= WHAT NEEDS TO BE DONE =
The exercise calls for the lines from the one containing "Ownership Structure" to the end of the data below to be output exactly, pictures excluded.

= STORED DATA =
────

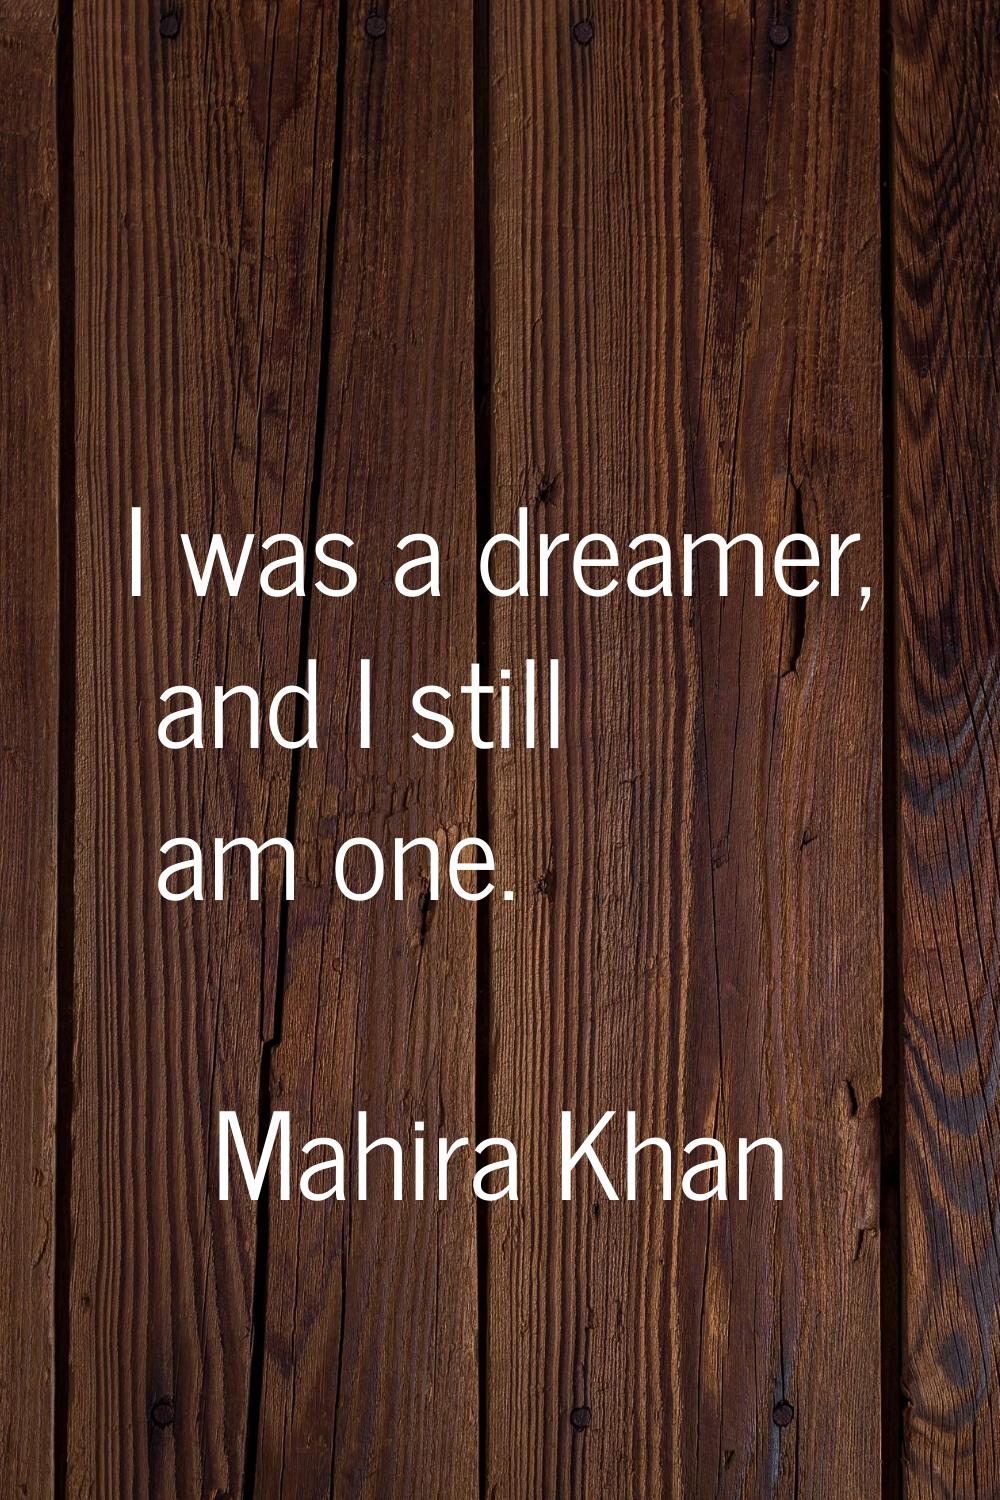 I was a dreamer, and I still am one.
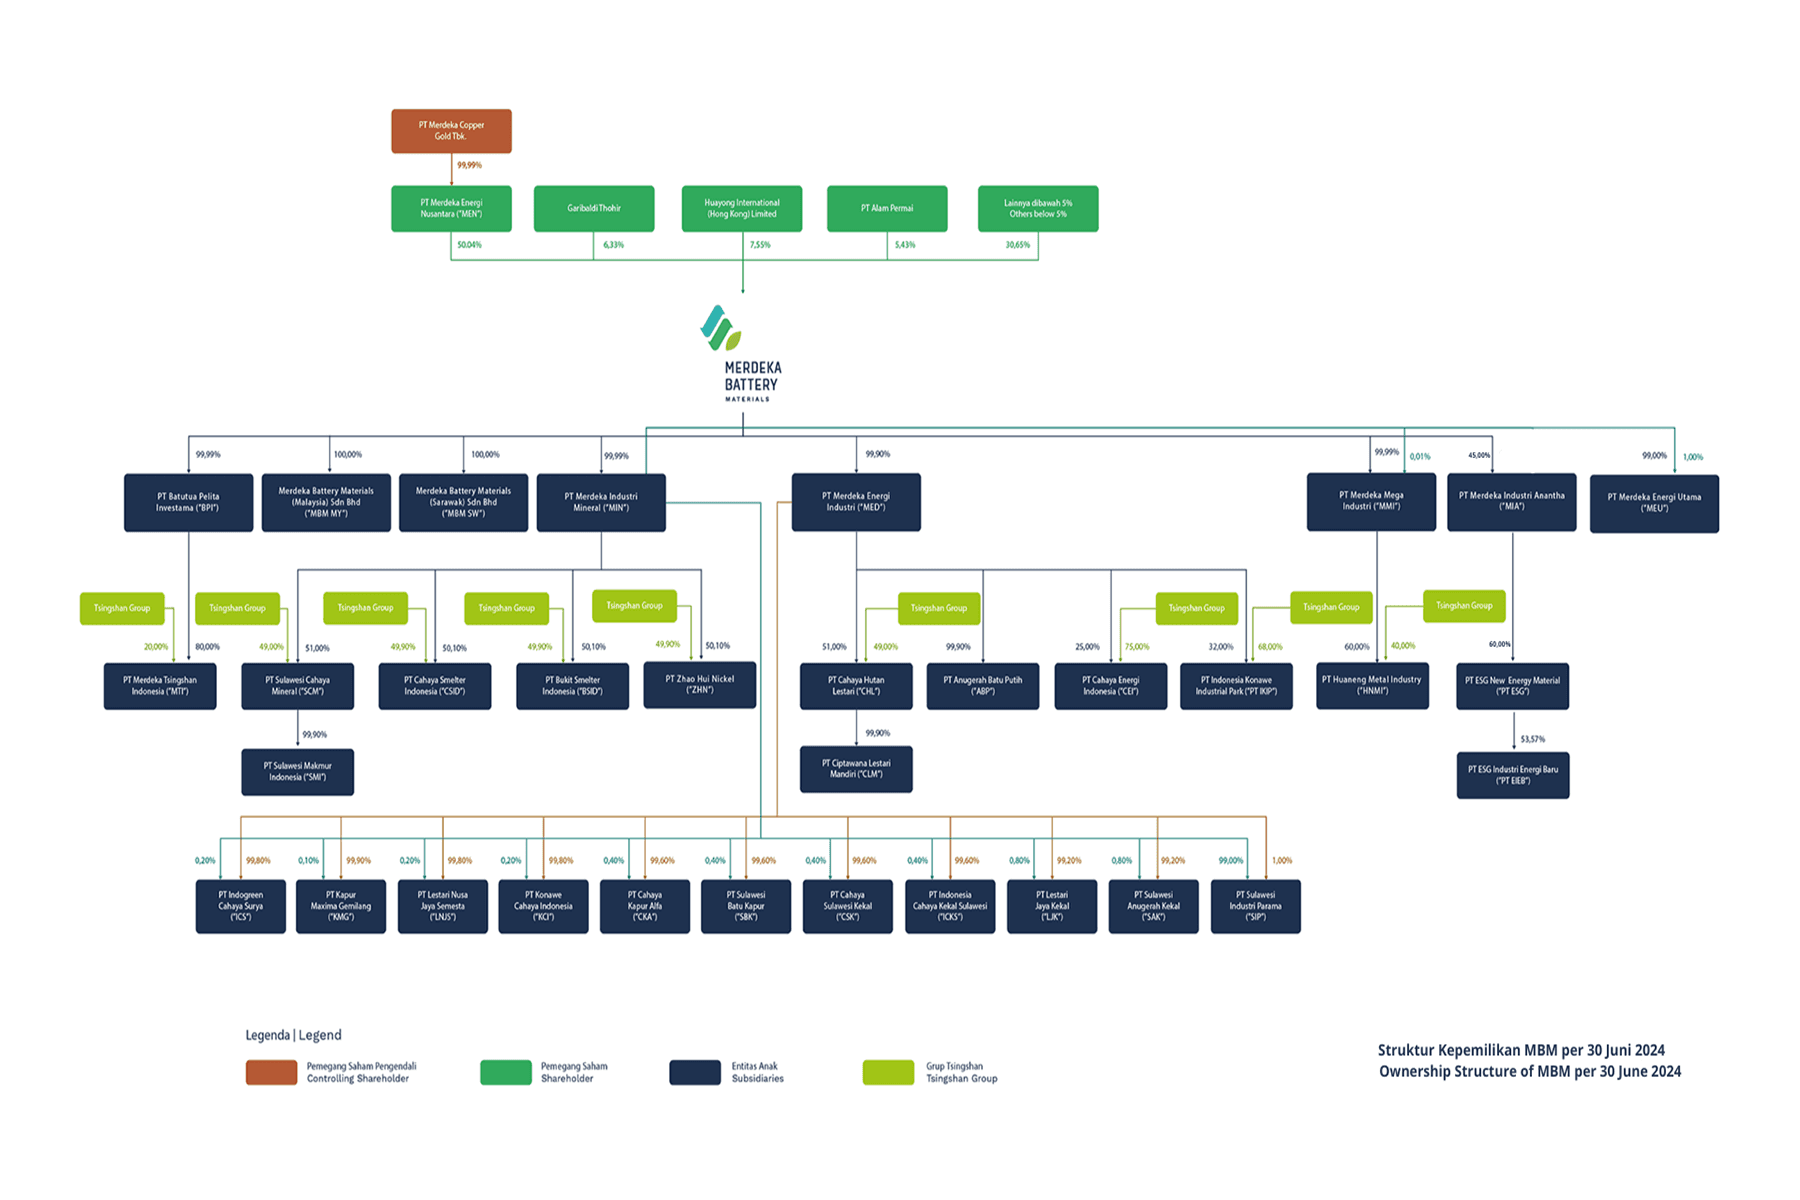 Ownership Structure
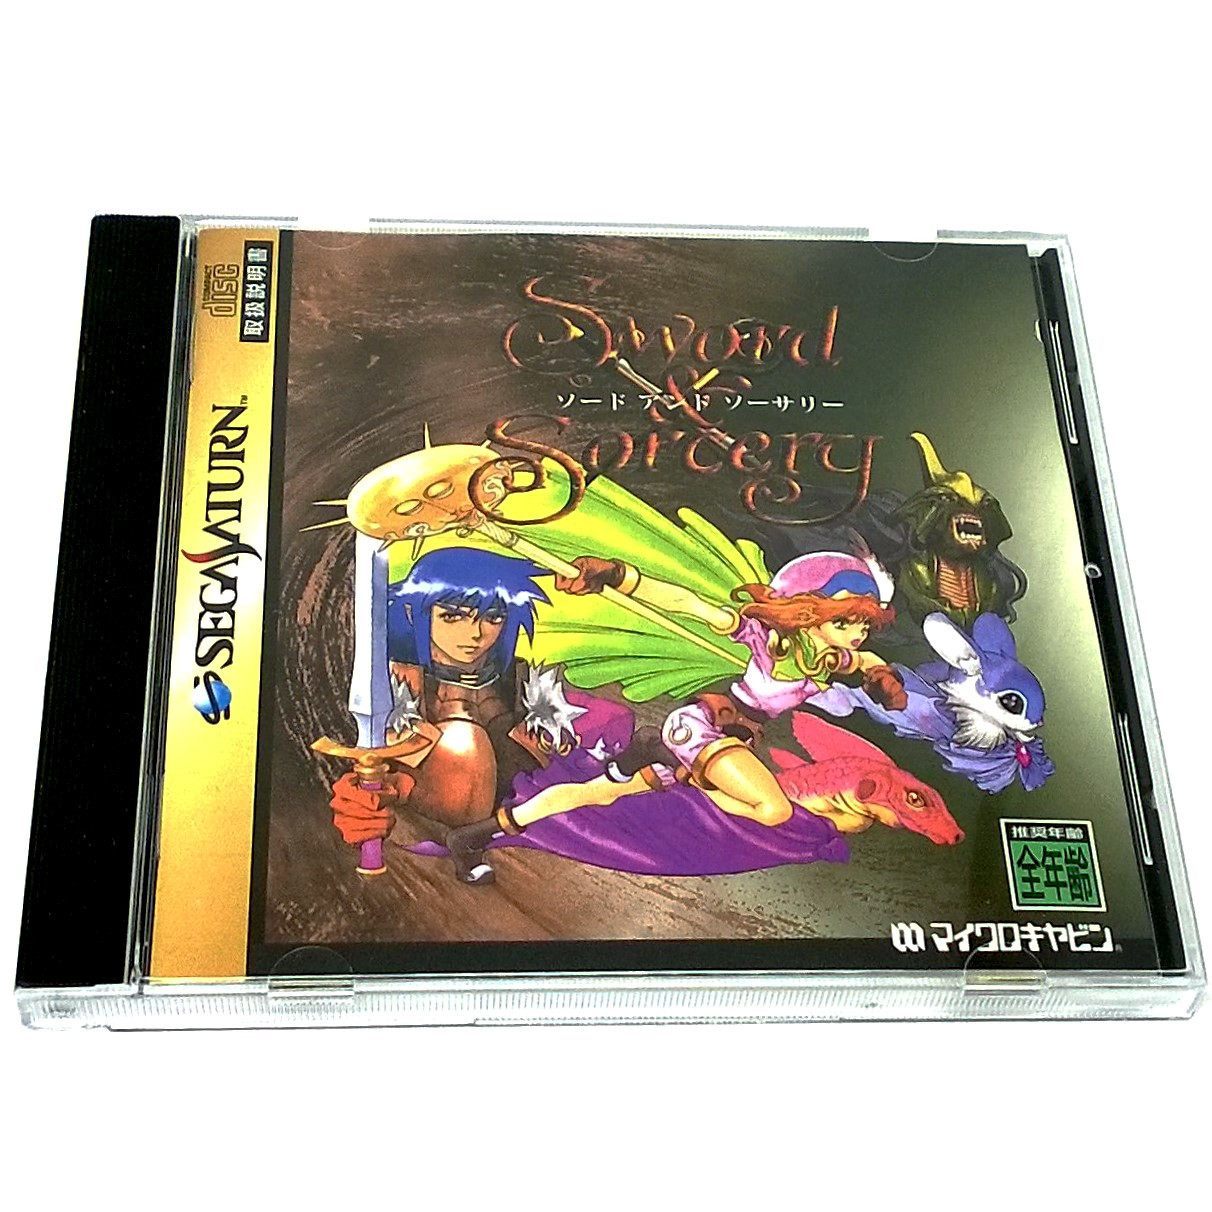 Sword & Sorcery for Saturn (Import) - Front of case

────

= WRITTEN ANSWER =
 Ownership Structure
 Sword & Sorcery for Saturn (Import) - Front of case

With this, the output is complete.